Output Knowledge Created
This message itself does not produce new code or documentation. Its output is informational and directional:
- Status confirmation: The team (or the user monitoring the session) now knows that the batch-mode pipeline rewrite has been successfully committed and the codebase is in a clean, compilable state.
- Intent declaration: The assistant's next action is clearly stated — reading the source files to understand the current state before implementing the async overlap. This creates transparency about the work plan.
- Task tracking update: The
todowriteblock provides a persistent record of progress, showing exactly which steps are complete and which remain. However, the true output created by this message is the deliberate pause itself.
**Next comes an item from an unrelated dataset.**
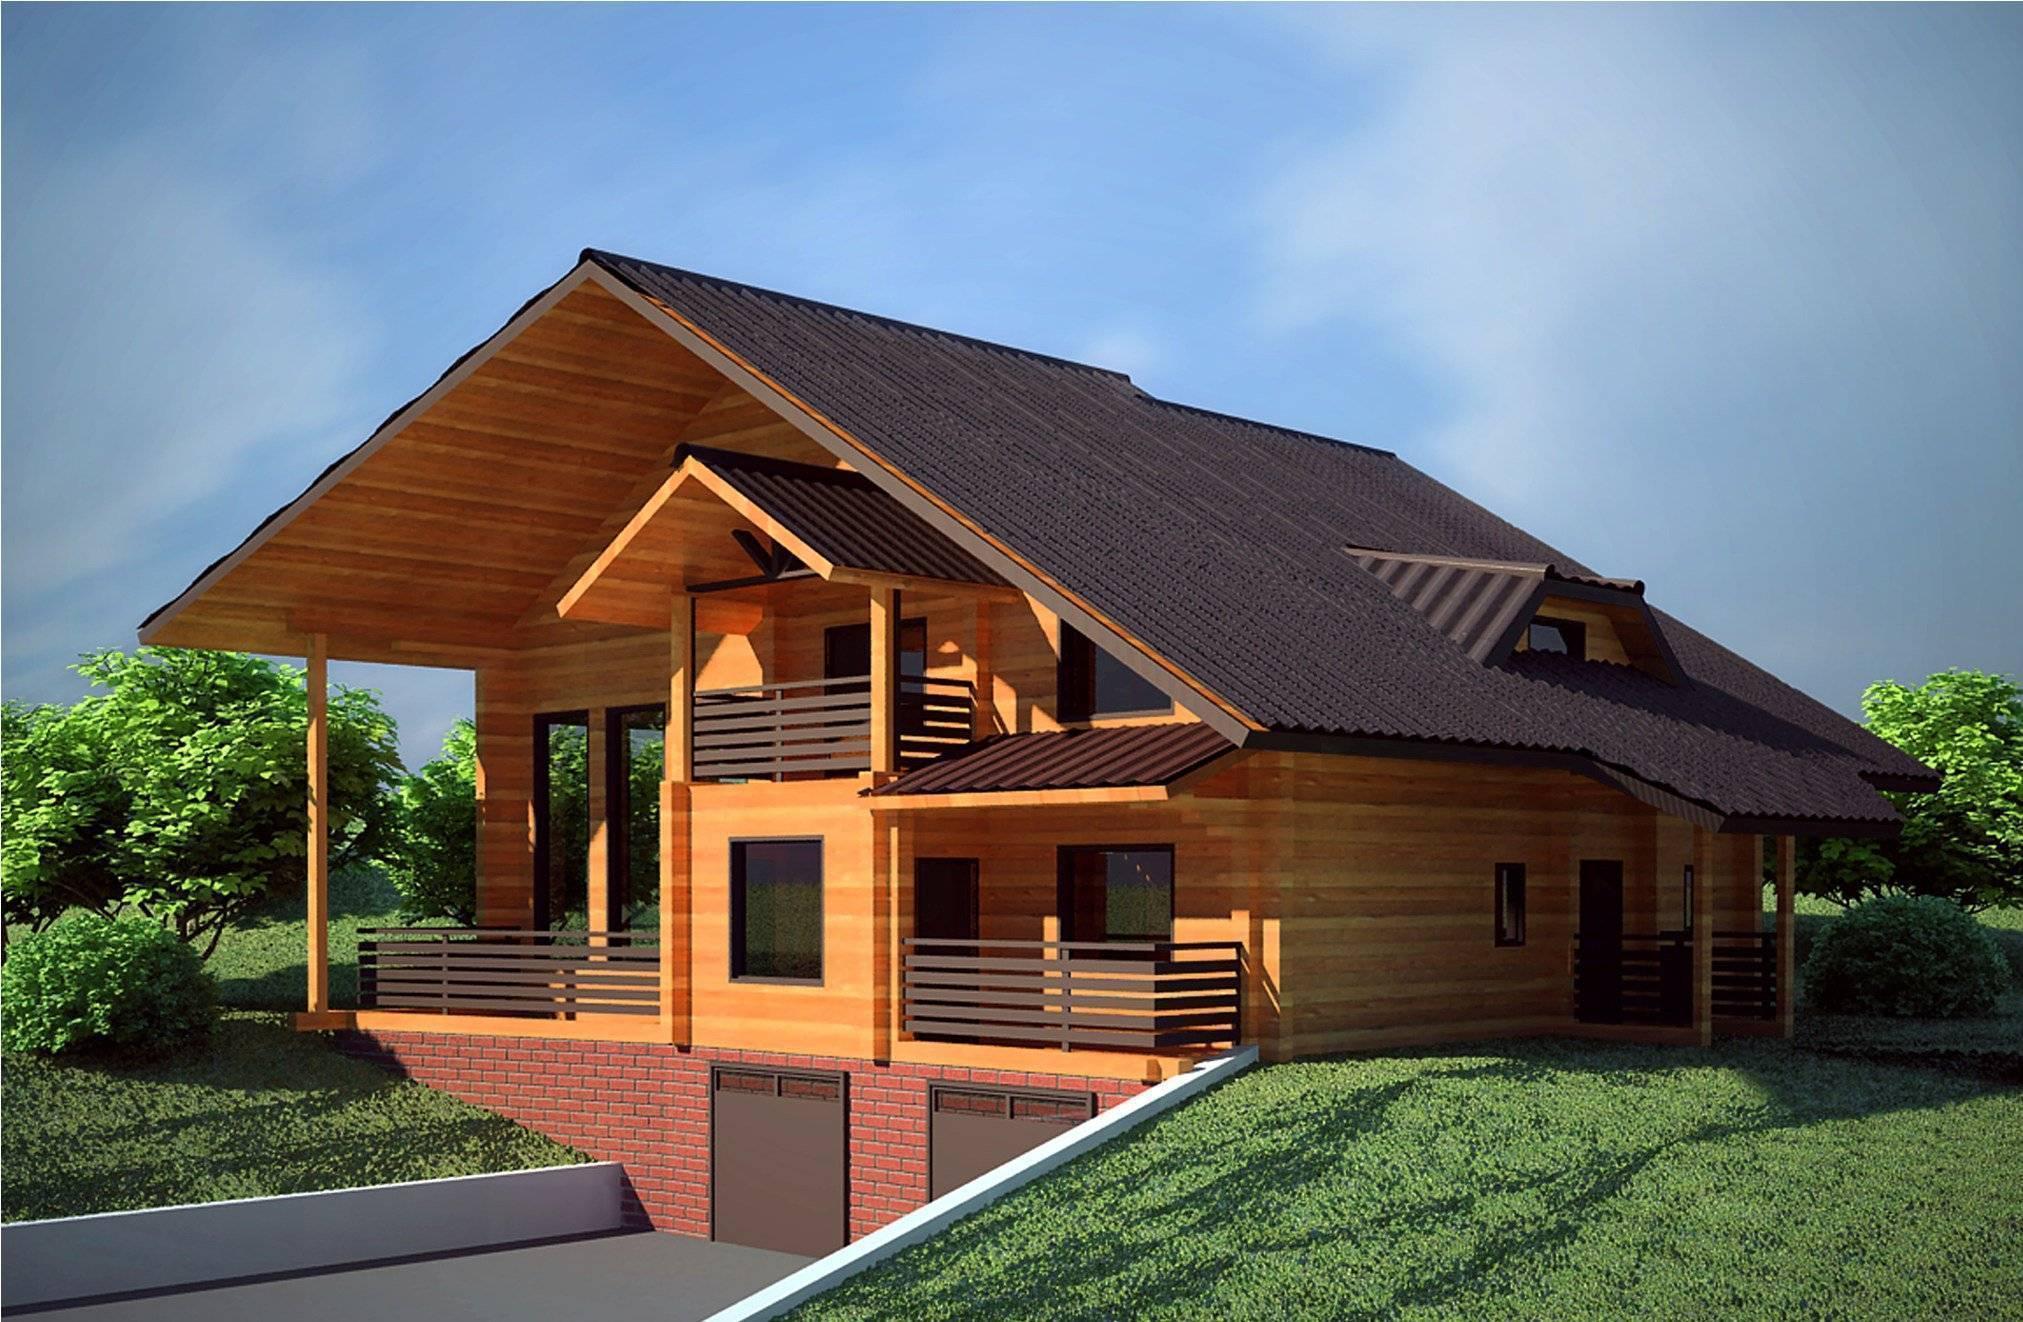 Дома из бруса в стиле Шале: архитектура и материалы

By explicitly stating the need to read the code before implementing, the assistant creates space for careful architectural reasoning. The subsequent messages (<msg id=615-619>) show the fruits of this pause: the assistant reads five source files, designs the two-stage pipeline architecture, considers the trade-offs between shared and per-GPU synthesis tasks, and then implements the change with surgical precision.
The Broader Significance
In the context of the full Phase 2 pipeline work, message 614 is the hinge point. Before it, the assistant was in "commit mode" — verifying, testing, and staging changes that had already been written. After it, the assistant shifts to "architecture mode" — reading, designing, and implementing the core innovation of the entire Phase 2 effort.
The async overlap that follows this message ultimately achieves a 1.27x throughput improvement on the RTX 5070 Ti with 3 consecutive 32 GiB PoRep C2 proofs, dropping total time from an estimated ~270s (sequential) to 212.7s. But that result depends on the careful architectural thinking that begins with this simple statement: "Now let me read the current engine.rs and pipeline.rs to understand the exact state."
This message embodies a principle that experienced engineers learn through hard-won experience: the most important step in making a significant change is understanding the current state first. The assistant could have jumped directly into implementation, relying on its memory of the code from the previous session. Instead, it chose to re-read the files, ensuring its mental model was accurate before making the cut. In a codebase as complex as the cuzk proving engine — with its intricate dance of CPU synthesis, GPU proving, SRS management, and async task orchestration — this discipline is not just good practice; it is essential for correctness.